3.  They once thought they were beautiful and some life circumstance (usually pregnancy and/or weight gain) caused their view of themselves to change. One thing that people often miss about feeling beautiful is that it's not about making yourself beautiful.  It's about being comfortable in your own skin, no matter your complexion, dress size, hair color, or height.  By telling me that I needed to lose weight with potential boyfriends as the reason, my mom subconsciously put a standard for beauty in my head...one that did not match what I looked like.

Looping back to "What Not To Wear," one aspect of the show that I love is that Stacy London and Clinton Kelly tell every single participant that they are beautiful and that everyone deserves to feel beautiful.  If each person believes that they deserve to feel beautiful, then they should show that in how they present themselves.  Stacy (yes, I refer to them by their first names...I feel like we could be BFFs) has a quote that I absolutely love: "I believe every person is beautiful.  What you do with that beauty, how you develop it, is up to you."

*****

One thing that has helped me with my body image is my faith.  In the past few places I have lived, I have written on the mirror in dry erase marker, "You are fearfully and wonderfully made."  (Psalm 139:14, paraphrased).  Once I started telling myself I was beautiful, I began to better understand what my parents tried to tell me about being made in His image (Genesis 1:27).  It is one thing to hear that God made you the way you are, and that in and of itself is beautiful, and another to really see that beauty and understand that because you were created by a perfect God and made in His image, you are not only beautiful.  His beauty and majesty shine THROUGH you, just as they shine through every other part of His creation.

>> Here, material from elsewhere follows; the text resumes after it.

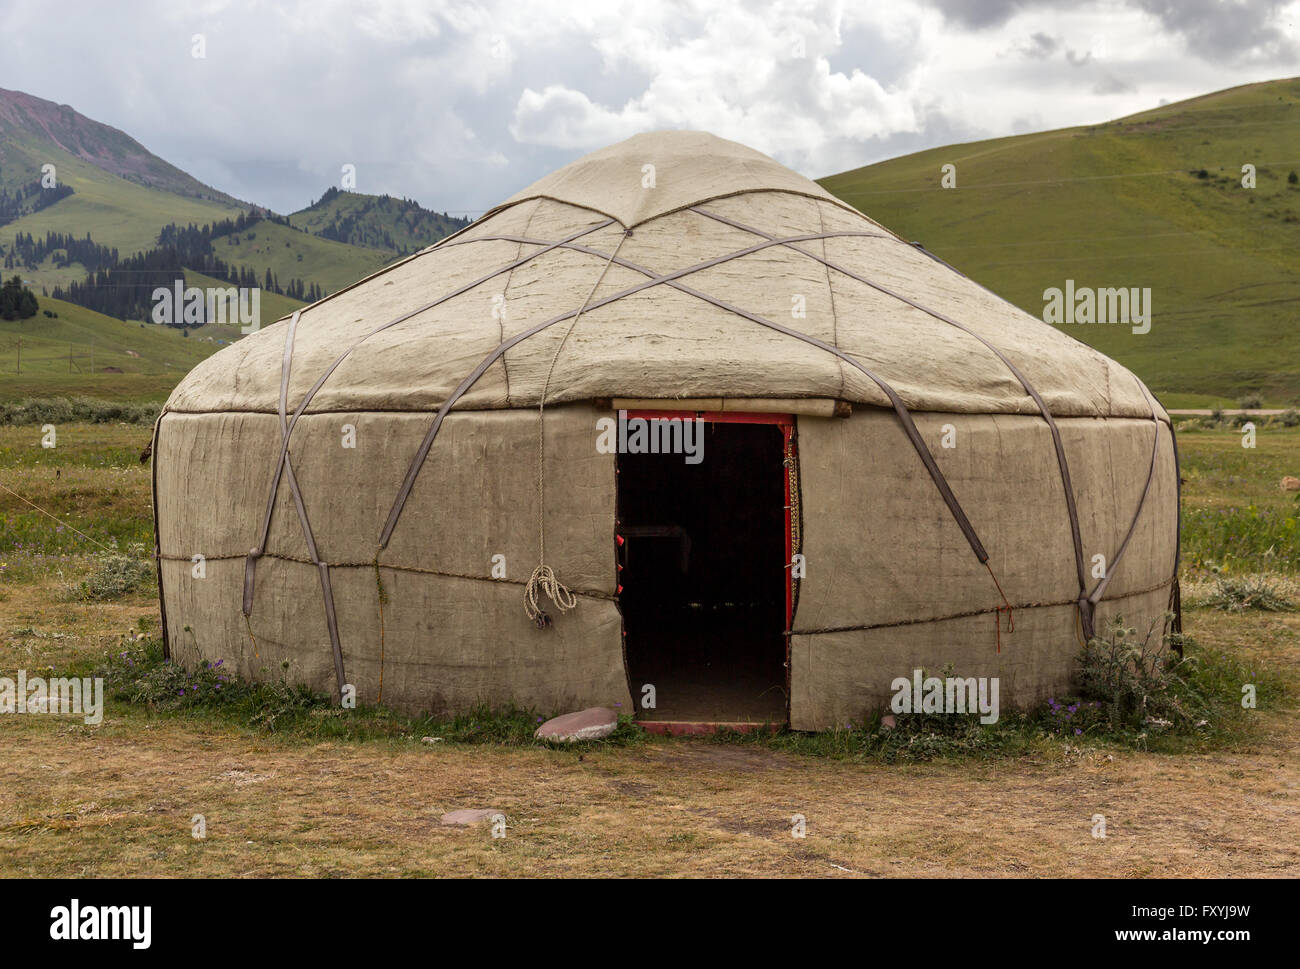 Yurt in Central Asian Veld Stock Photo

Since my ultimate goal in life right now is to become a high school teacher, I am trying to work on ways I can reinforce in my future students that they are all beautiful.  Because I struggled with this for so long, it is an issue very dear to me.  I hope and pray that God will allow me to be an example to those young women, and that they will see that once they accept their God-given beauty, they can accomplish so much through being themselves and who God wants them to be.